Lose all their guilty stains

["There is a Fountain Filled with Blood, William Cowper]

 

In that day there shall be a fountain opened to the house of David –

and again –

And one shall say unto Him –

when the Lord cometh –

what are these wounds in Thy hands?  Then shall He answer, Those with which I was wounded in the house of My friends

 [Zechariah 13:1, 6]

 

Now again:

Behold, the day of the Lord cometh . . . 

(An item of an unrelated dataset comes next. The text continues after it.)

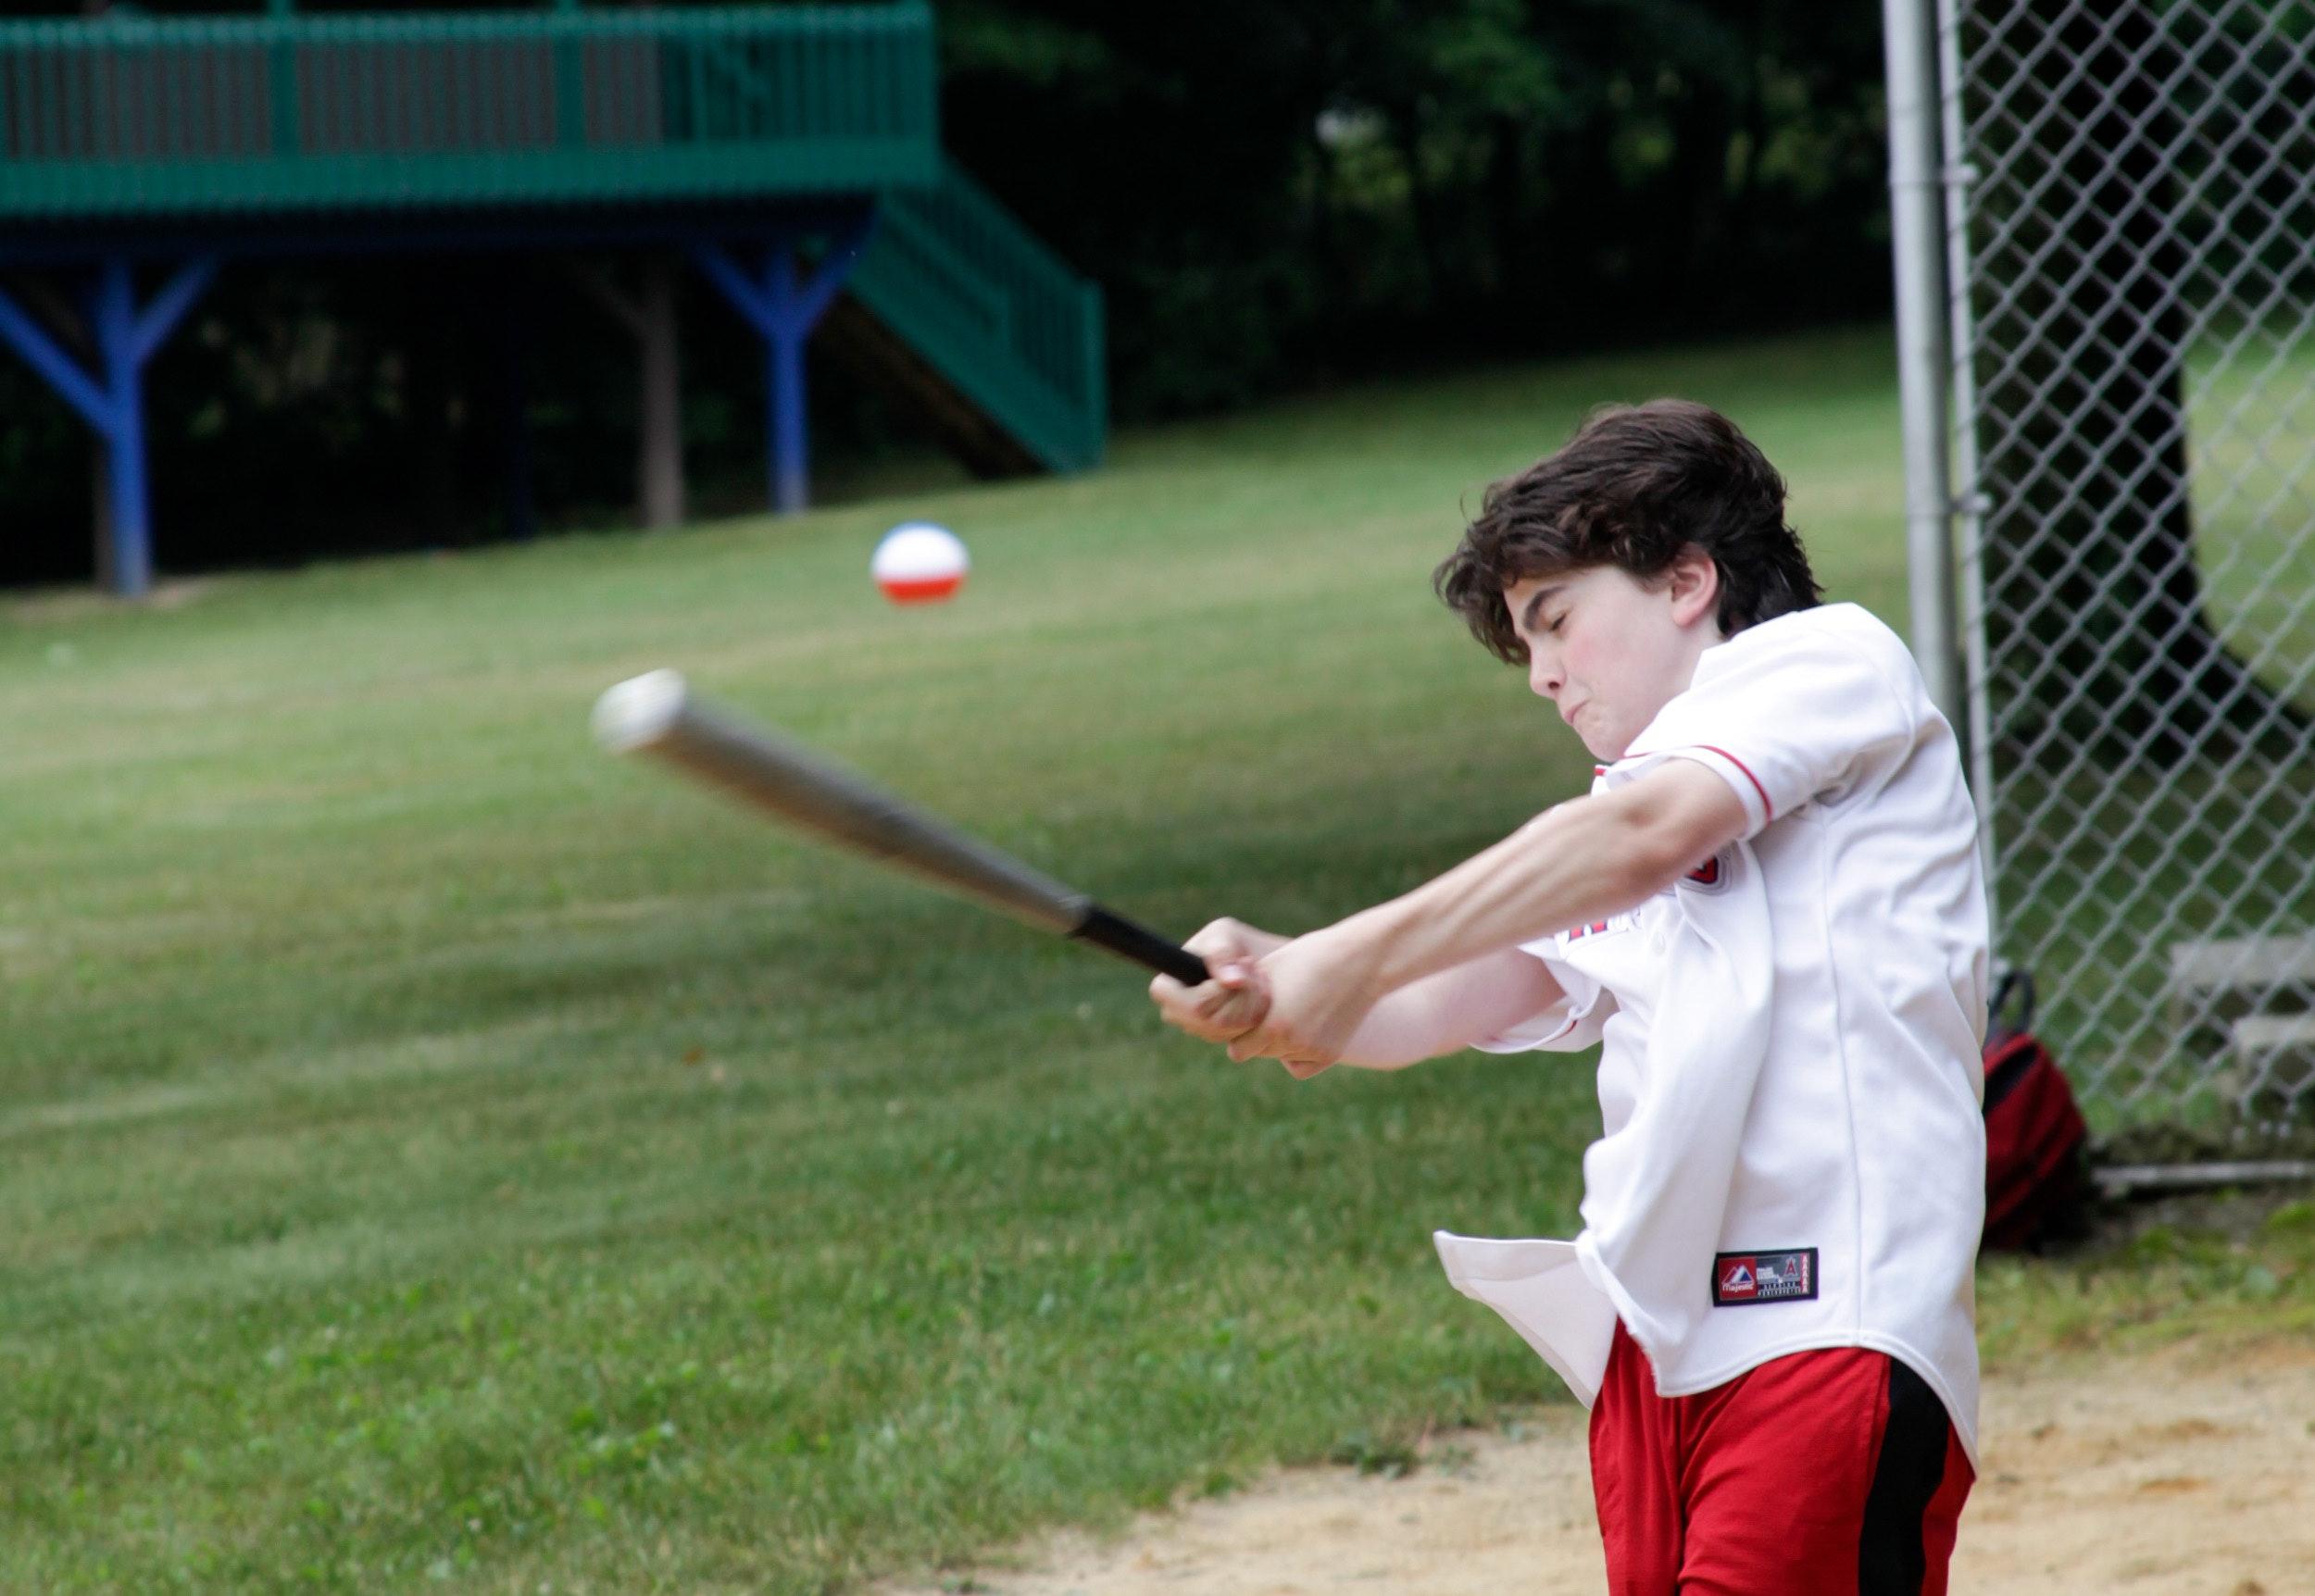 Deerkill day camp activities atletics.jpg?ixlib=rails 2.1

And His feet shall stand in that day upon the Mount of Olives, which is before Jerusalem on the east, and the Mount of Olives shall cleave in the midst thereof toward the east and toward the west; there shall be a very great valley; and half the mountain shall remove to the north, and half of it toward the south. 

. . .

And the Lord thy God shall come and all His saints with Him.  And it shall come to pass that at evening time, it shall be light. 

And it shall be in that day, that living waters shall go out from Jerusalem; half to the former sea, half to the hinder sea:  in summer and winter. 

And the Lord shall be King over all the earth . . .

 [Zechariah 14:1, 4-9]

 

And my last: in the eleventh of the Book of Romans, "I say then," says Paul, "Hath God cast away His people?" [Romans 11:1].  Is God done with the Jew?  Are they no more precious in His sight?  He answers it in the second verse:  "God hath not cast away His people whom He foreknew" [Romans 11:2].  Then in the eleventh chapter of Romans, he describes what God shall do with the Jewish nation, and then he concludes like this:

 

I would not have you without knowledge, brethren, concerning the mystery; blindness in part has happened to Israel, until the fullness of the Gentiles be come in. 

And so all Israel shall be saved – and so all Israel shall be saved – as it is written, There shall come out of Zion the Deliverer, and shall turn away ungodliness from Jacob: 

For this is My covenant with them, when I shall take away their sins. 

As concerning the gospel, they are enemies for your sakes:  but as concerning the election, the choice of God, they are beloved for the fathers’ sakes. 

For the gifts and calling of God are without repentance!

[Romans 11:25-29]

 

God does not change! [Malachi 3:6; Hebrews 13:8].  He doesn’t say, "Yesterday I loved Abraham, but today I hate him."  He said, "Abraham, I loved you yesterday, I loved you today, I am your Friend forever!"  That’s the kind of a God we serve:  without shadow cast by turning; the immutable, unvarying promises of the living God.

Would you think I’ve been preaching thirty minutes?  I don’t know where the time goes.

We sing our song.  Somebody you, give your heart to God, to the promises of the Lord.  Put your life in the church.  In this little brief moment while we sing one stanza, would you come?  Would you come?  While I stand, would you come and stand by me?  Anywhere, somebody you, while we stand and sing.